最后更新时间：05/19/2025（API 文档字符串是自动生成的）。

本节介绍 VERL 库中的实用函数和类。

Python 函数式工具

Contain small python utility functions

verl.utils.py_functional.append_to_dict(data: dict, new_data: dict, prefix: str = '')[source]

Append values from new_data to lists in data.

For each key in new_data, this function appends the corresponding value to a list stored under the same key in data. If the key doesn’t exist in data, a new list is created.

Parameters:

data (Dict) – The target dictionary containing lists as values.
new_data (Dict) – The source dictionary with values to append.

Returns:

The function modifies data in-place.

Return type:

None

文件系统工具

File-system agnostic IO APIs

verl.utils.fs.copy_to_local(src: str, cache_dir=None, filelock='.file.lock', verbose=False, always_recopy=False, use_shm: bool = False) → str[source]

Copy files/directories from HDFS to local cache with validation.

Parameters:

src (str) – Source path - HDFS path (hdfs://…), local filesystem path, or Hugging Face model ID
cache_dir (str, optional) – Local directory for cached files. Uses system tempdir if None
filelock (str) – Base name for file lock. Defaults to “.file.lock”
verbose (bool) – Enable copy operation logging. Defaults to False
always_recopy (bool) – Force fresh copy ignoring cache. Defaults to False
use_shm (bool) – Enable shared memory copy. Defaults to False

Returns:

Local filesystem path to copied resource

Return type:

str

追踪工具

A unified tracking interface that supports logging data to different backend

class verl.utils.tracking.Tracking(project_name, experiment_name, default_backend: str | list[str] = 'console', config=None)[source]

A unified tracking interface for logging experiment data to multiple backends.

This class provides a centralized way to log experiment metrics, parameters, and artifacts to various tracking backends including WandB, MLflow, SwanLab, TensorBoard, and console.

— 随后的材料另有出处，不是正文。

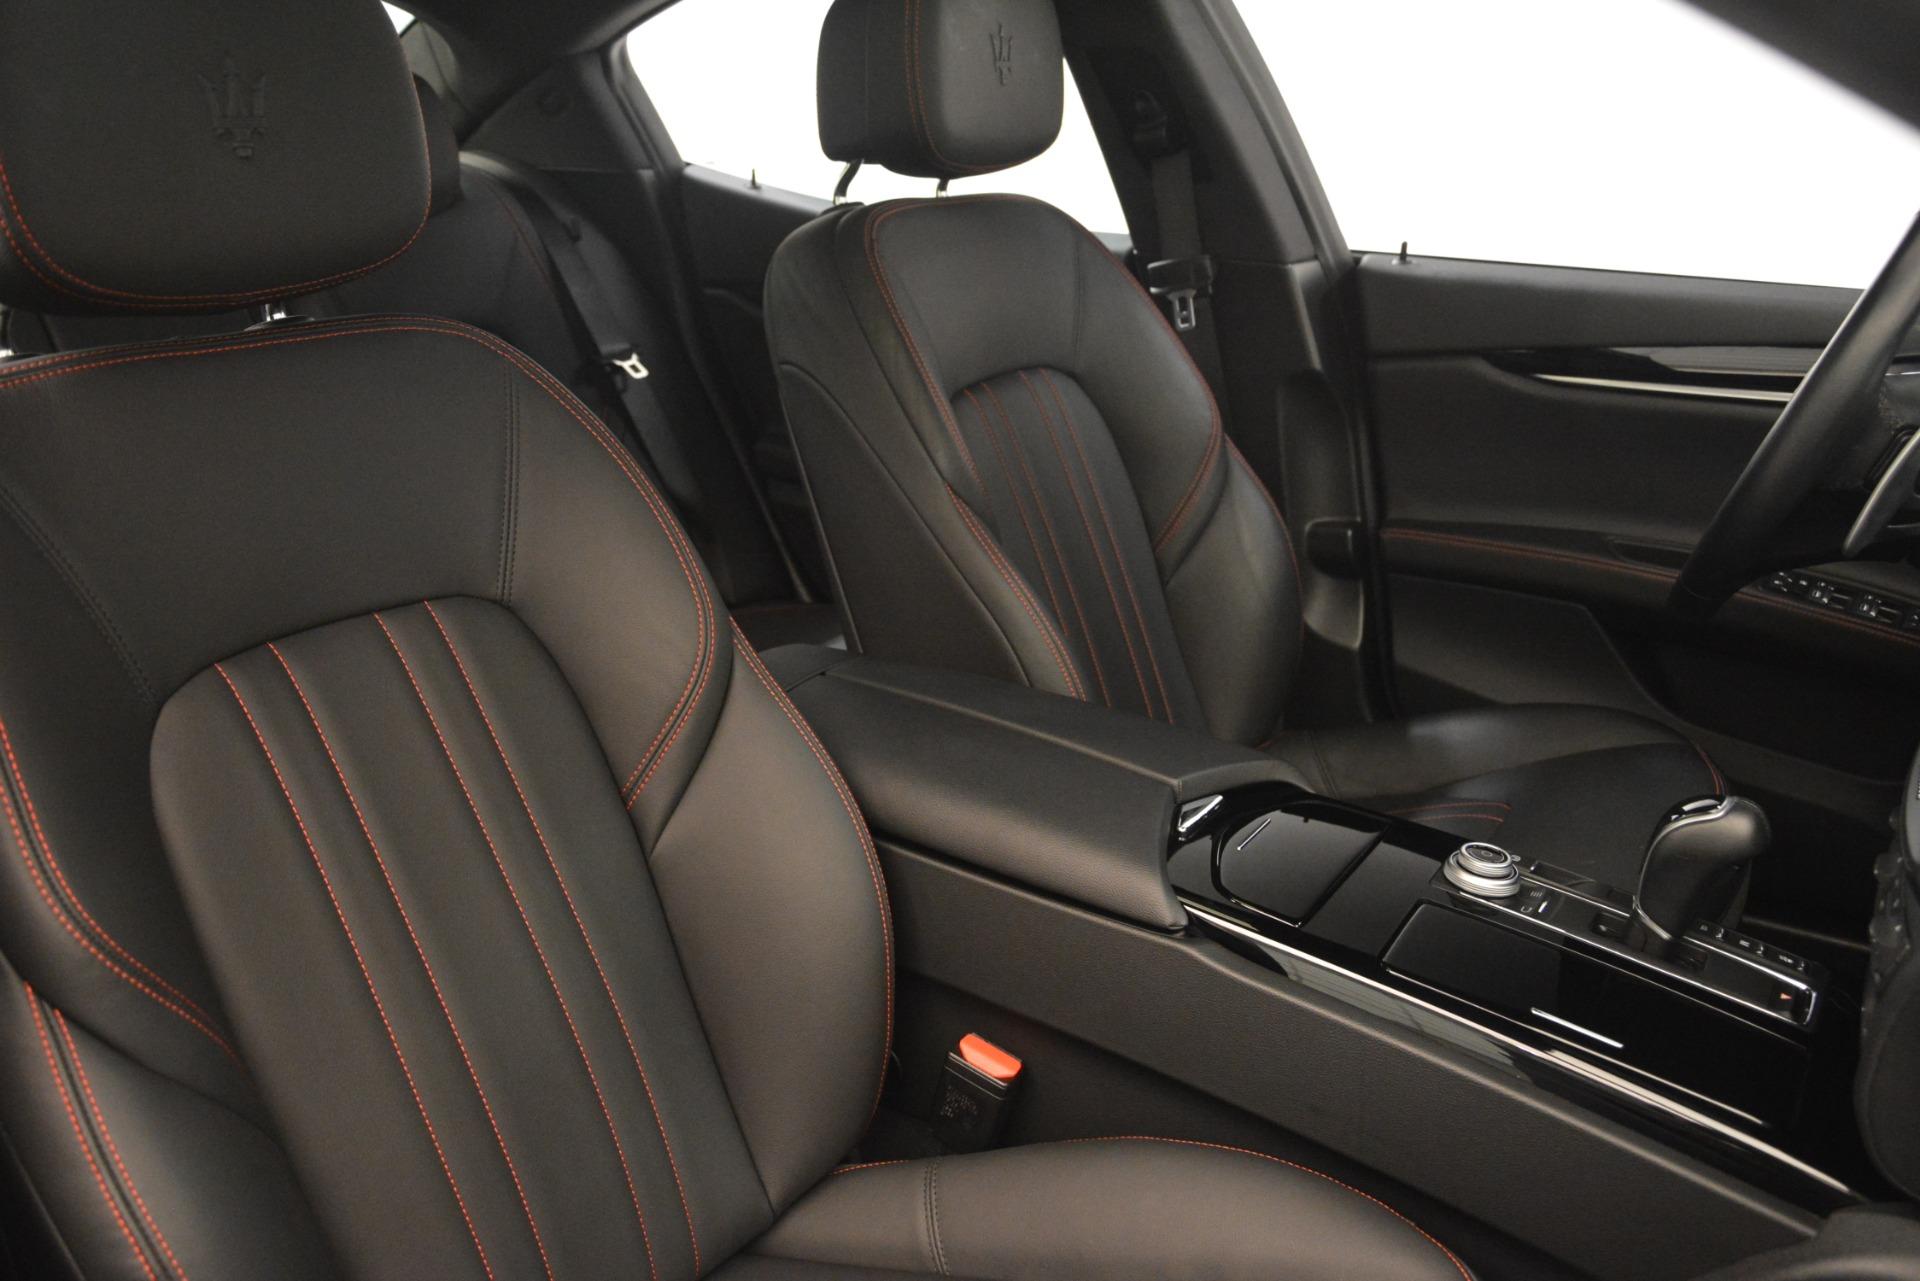 Used 2018 Maserati Ghibli S Q4 For Sale In Westport, CT 1772_p20
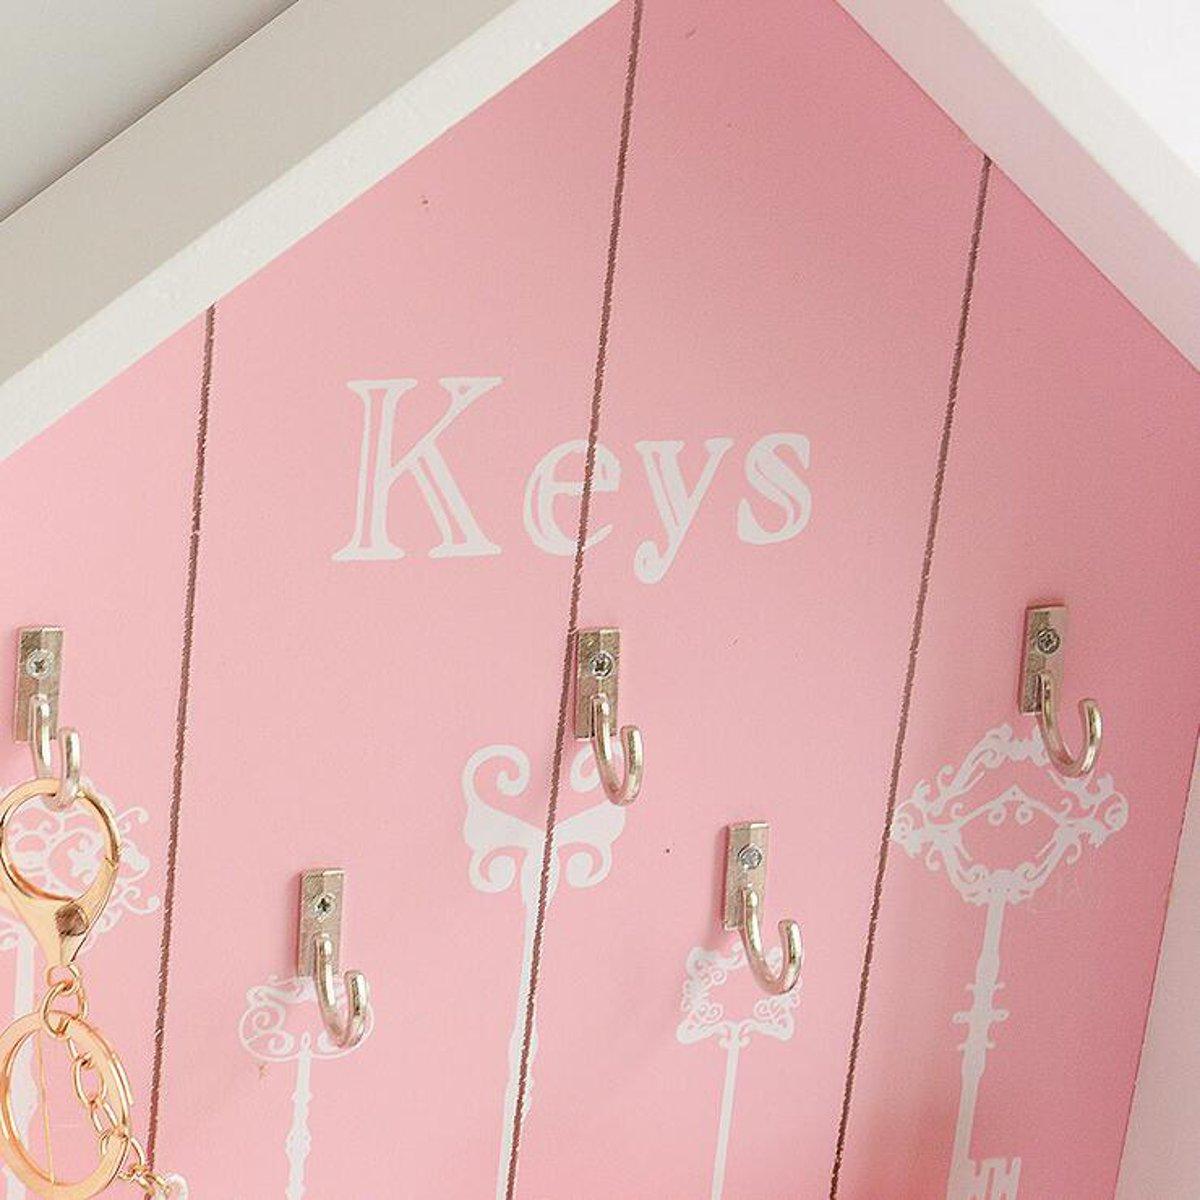 Vintage Parts Storage Box Key Holder Hooks House Hanging  Rack Shabby Chic Wall Mounted Decorations

supported_backend: List of supported tracking backends.

logger: Dictionary of initialized logger instances for each backend.

指标工具

verl.utils.metric.reduce_metrics(metrics: dict[str, list[Any]]) → dict[str, Any][source]

Reduces a dictionary of metric lists by computing the mean, max, or min of each list. The reduce operation is determined by the key name: - If the key contains “max”, np.max is used - If the key contains “min”, np.min is used - Otherwise, np.mean is used

Parameters:: metrics – A dictionary mapping metric names to lists of metric values.
Returns:: A dictionary with the same keys but with each list replaced by its reduced value.

Example

>>> metrics = {
...     "loss": [1.0, 2.0, 3.0],
...     "accuracy": [0.8, 0.9, 0.7],
...     "max_reward": [5.0, 8.0, 6.0],
...     "min_error": [0.1, 0.05, 0.2]
... }
>>> reduce_metrics(metrics)
{"loss": 2.0, "accuracy": 0.8, "max_reward": 8.0, "min_error": 0.05}

检查点管理

verl.utils.checkpoint.checkpoint_manager.find_latest_ckpt_path(path, directory_format='global_step_{}')[source]

Return the most recent checkpoint directory based on a tracker file.

Parameters:

path (str) – Base directory containing the checkpoint tracker.
directory_format (str) – Template for checkpoint subfolders with one placeholder for the iteration number (default “global_step_{}”).

Returns:

Full path to the latest checkpoint directory, or None if the tracker or checkpoint folder is missing.

Return type:

str or None

class verl.utils.checkpoint.fsdp_checkpoint_manager.FSDPCheckpointManager(model: FullyShardedDataParallel, optimizer: Optimizer | None = None, lr_scheduler: LRScheduler | None = None, processing_class: PreTrainedTokenizer | ProcessorMixin = None, checkpoint_config: DictConfig = None, **kwargs)[source]

Manage FSDP checkpointing in SPMD training.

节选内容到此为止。